The value HealthEndpointsImpl.getHealth has the (somewhat daunting) type

sttp.tapir.server.ServerEndpoint.ServerEndpoint[Any, F]{
  type SECURITY_INPUT = Unit
  type PRINCIPAL = Unit
  type INPUT = Unit
  type ERROR_OUTPUT = Unit
  type OUTPUT = HealthResponse
}

The point being, this is a type agnostic to a specific HTTP server library. It needs to be interpreted, at runtime, to a specific representation, in our case http4s:

val healthImpl = HealthEndpointsImpl[F](healthService)
// interpretation to http4s-specific implementation, provided by `tapir`
val allRoutes: org.http4s.HttpRoutes[F] = Http4sServerInterpreter[F]().toRoutes(List(
  healthImpl.getHealth,
))

It’s a fact of life that the above interpretation cannot come at zero cost, as there’s datatype conversions happening, memory allocation, etc. An endpoint written in this way will always have worse latency that the equivalent written out by hand with the http4s API. This is statistically likely to not matter to your project at all, but it’s still something to be aware of.

Conceptual considerations

In the exact same vein as above, endpoints written in the above way are built using sttp.tapir / sttp.model and no longer via org.http4s datatypes. This means we’ve gained the capability to automatically generate REST API documentation at the expense of losing access to our low level HTTP programming API.
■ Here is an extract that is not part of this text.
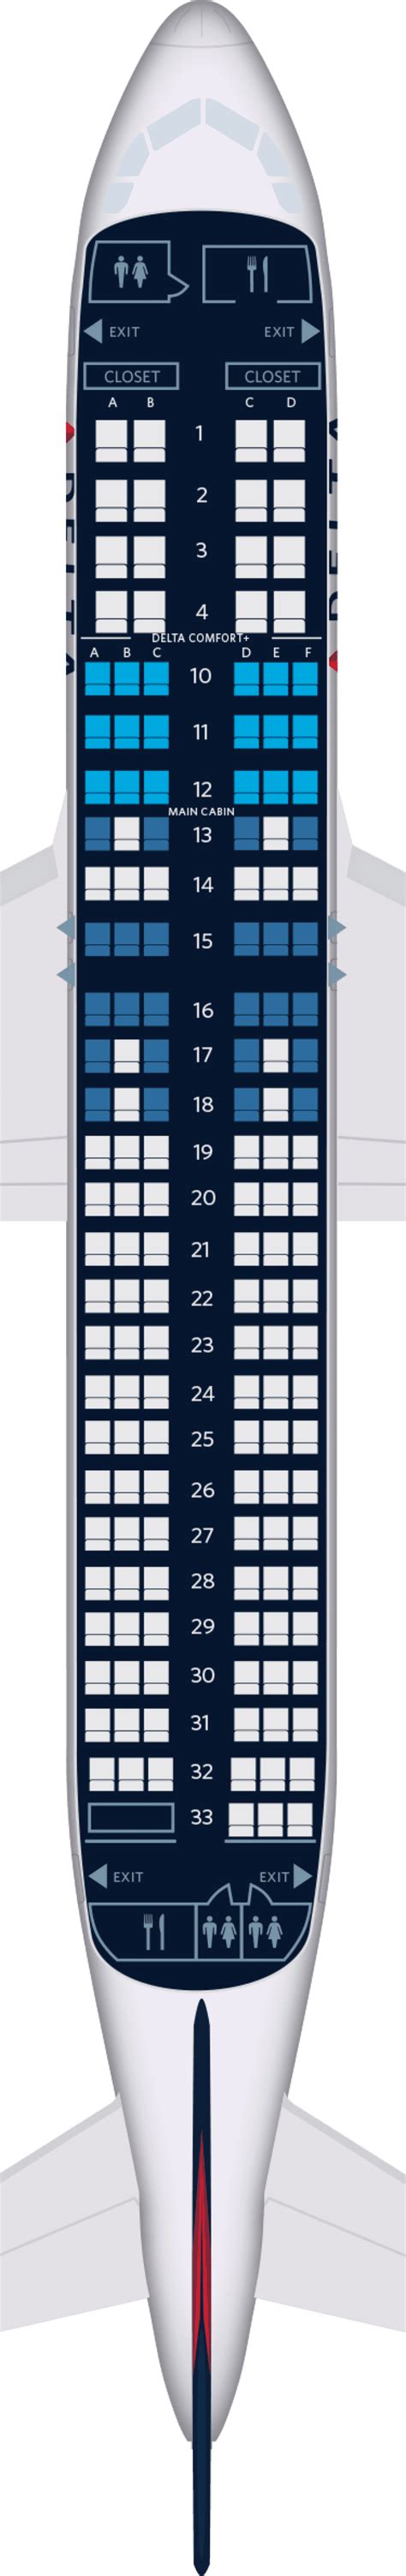 Airbus A320 Seat Maps Specs And Amenities Delta Air Lines

In practice this means that if we need to implement HTTP protocol concepts not anticipated by the tapir authors, and therefore need direct control over request and response entities and their handling, we might find ourselves jumping through hoops.

All this is to say everything in life comes at a cost, and these costs must be acknowledged when making technology choices.

Alternative approaches

In terms of API documentation, tapir takes the approach of requiring us to describe API in terms of scala values, and generates OpenAPI specs out of that.

smithy4s takes an alternative approach:

1. We define our endpoint descriptions in a separate interface definition language (The Smithy IDL). If you’ve used gRPC (or old enough to remember WSDL) you might be familiar with the concept.
2. smithy4s build-time tooling generates protocol-agnostic service stubs from your interface definitions, that you then implement
3. smithy4s library code can interpret at runtime your services to a specific server technology, such as http4s

I don’t yet have experience with smithy4s. I wonder if it’s possible in practice to only use 1. and 2., but code 3. by hand, to partially address the concerns above.

Others

A few libraries fall into the category of “others” since you’ve effectively already chosen them by opting for cats-effect and fs2. That is, they’re so well established that, even though alternatives might exist, you’d be sailing against the tide with them.

• http4s for HTTP server and client programming. http4s has a core / interface, and a number of backends. Out of those, use http4s-ember, unless you have performance tests indicating otherwise.
• fs2-kafka for interfacing with Kafka.

Further work

Infrastructure as code

I’ve written my share of YAML, Helm templates and Terraform, and am now of the firm belief that infrastructure as code should be regular code as much as feasible, which means

1. Using your host language (the language in which you write your services) when provisioning infrastructure and managing deployments, as opposed to using hopeless walls of YAML
2. Using the same core abstractions and core data types in service code and IaC code
3. Possibly reusing a set of datatypes between your service code and IaC code, to aid in threading configuration values between the two

I’ve seen 1. done successfully but never 2. and 3.. These would imply a cats-effect / fs2 centric approach to working with infrastructure and deployments. I’d like to explore this topic further once I get the time.

Postgres change data capture

It would be great to see Postgres Logical Replication support built on top of Skunk. This would allow for building purely functional data pipelines that currently utilise Kafka, Debezium and a host of proprietary technologies.

In certain scenarios, such as populating and keeping ElasticSearch clusters up to date, I can imagine foregoing this extra infrastructure entirely, if we had an fs2.Stream-based API into PostgreSQL logical replication.